Аргументами Николай не мог противостоять этой неумолимой логике, и положение действительно вдруг представилось страшно загубленным (как это получилось? когда?!). Но сердце его сопротивлялось и не хотело так сразу отдать – и свою власть, и традиции веков, и крестьянство. Как будто что-то было немножко не то – а не с кем больше посоветоваться с таким умным.
Ни один из министров в общем в советчики не годился, ни даже покладистый заботливый министр двора Фредерикс. Как-то так оказалось, что в близости трона, да и во всей имперской столице настоящих умных советчиков – не было. И Мама была в отъезде, в Дании. Но Мама всегда очень советовала в тяжёлые минуты держаться за Витте. (Да ведь и отец завещал то же самое!)

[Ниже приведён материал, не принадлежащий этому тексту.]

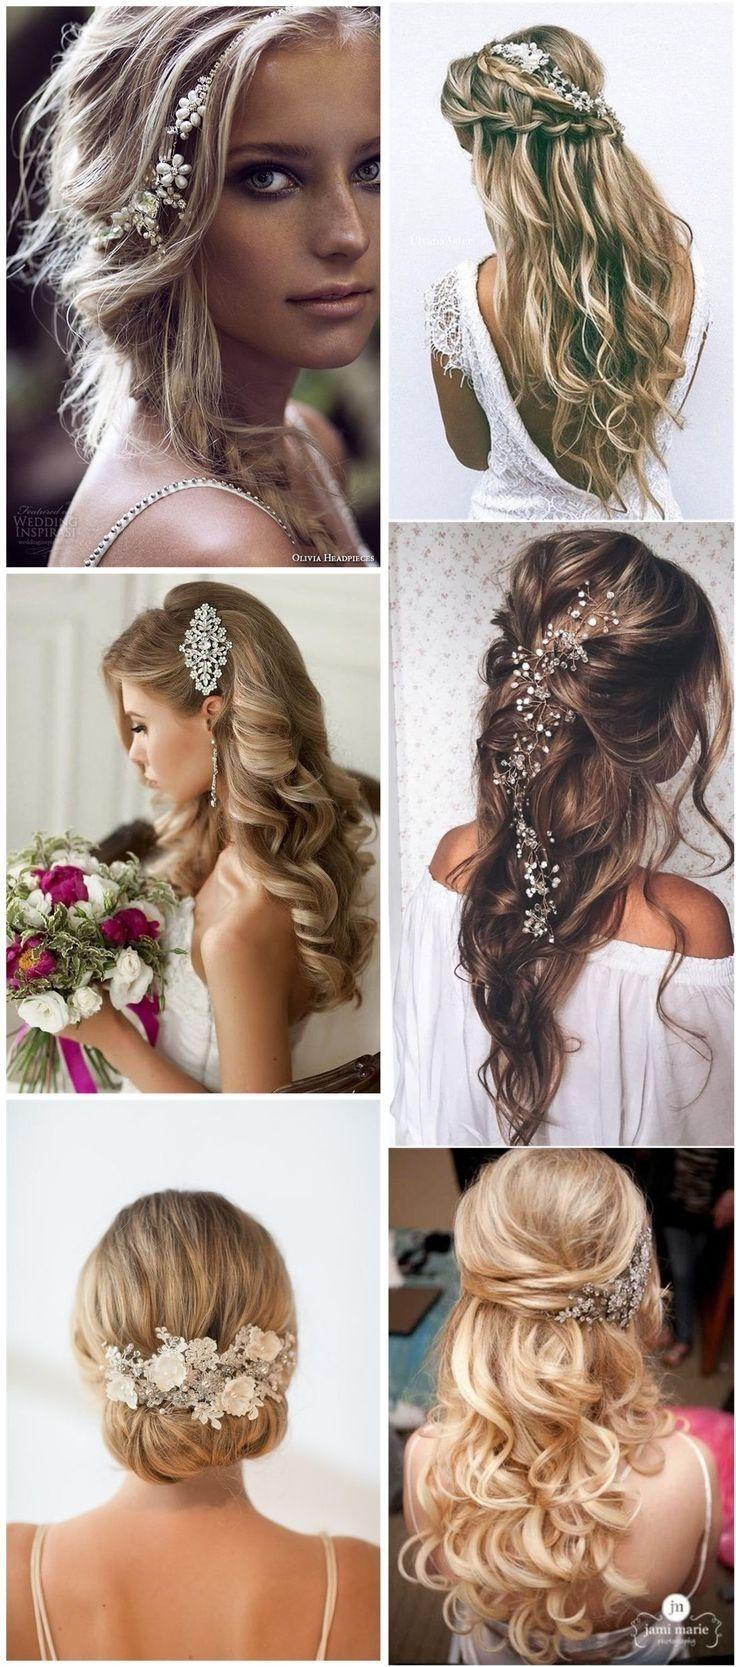 Hochzeit Haarschmuck Für Langes Haar Die Hochzeit Haar-Accessoires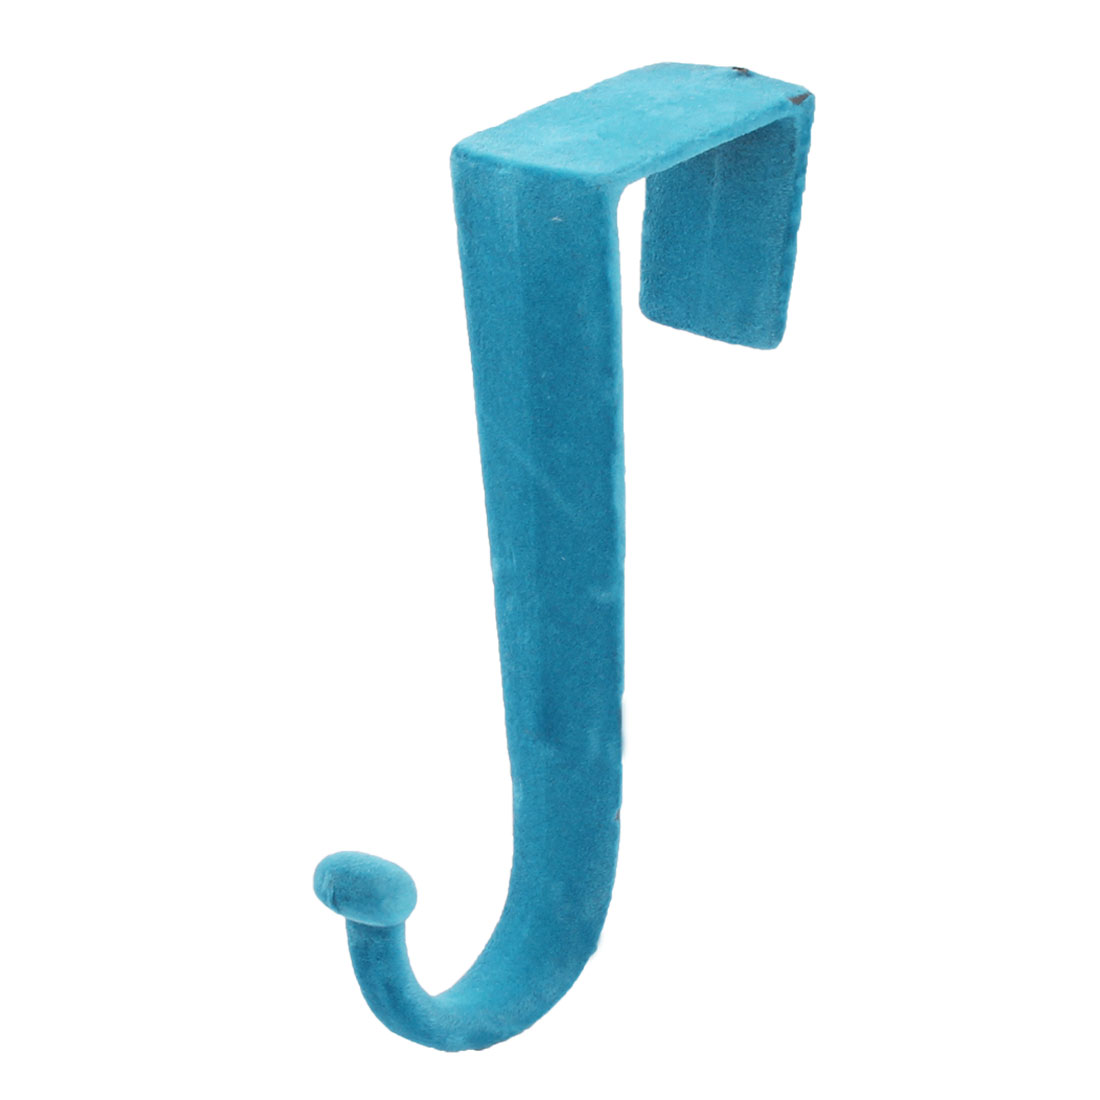 Household Bathroom Bedroom Door Metal Towel Clothes Coat Hanging Hanger Hook Teal Blue

Был – немудрёный преданный Дмитрий Трепов, но он не умел рассуждать столь широко, высоко и убедительно, а упирался только, что в этакой смуте никакой реформы делать нельзя. Надо военной силой подавить беспорядки, тогда реформы не будут выглядеть уступками.
Но с того дня Николаю черезсильно стало применить войска против толпы.
После виттевских обольстительных убеждений, не найдя решения и в Аликс, Николай день и ещё день советовался так, кое с кем, и томился, не находя и ниоткуда не видя решения. За эти дни сплошные обсуждений он сильно устал, до полного рамолисмента. А тут приезжали совсем посторонние посетители, то уральские казаки с икрой, то трогательная депутация, непременно желающая видеть маленького, то иностранцы. Вечерами по привычке играли в дутьё или на биллиарде, но утром, даже поздно встав, некуда было деться от проблемы.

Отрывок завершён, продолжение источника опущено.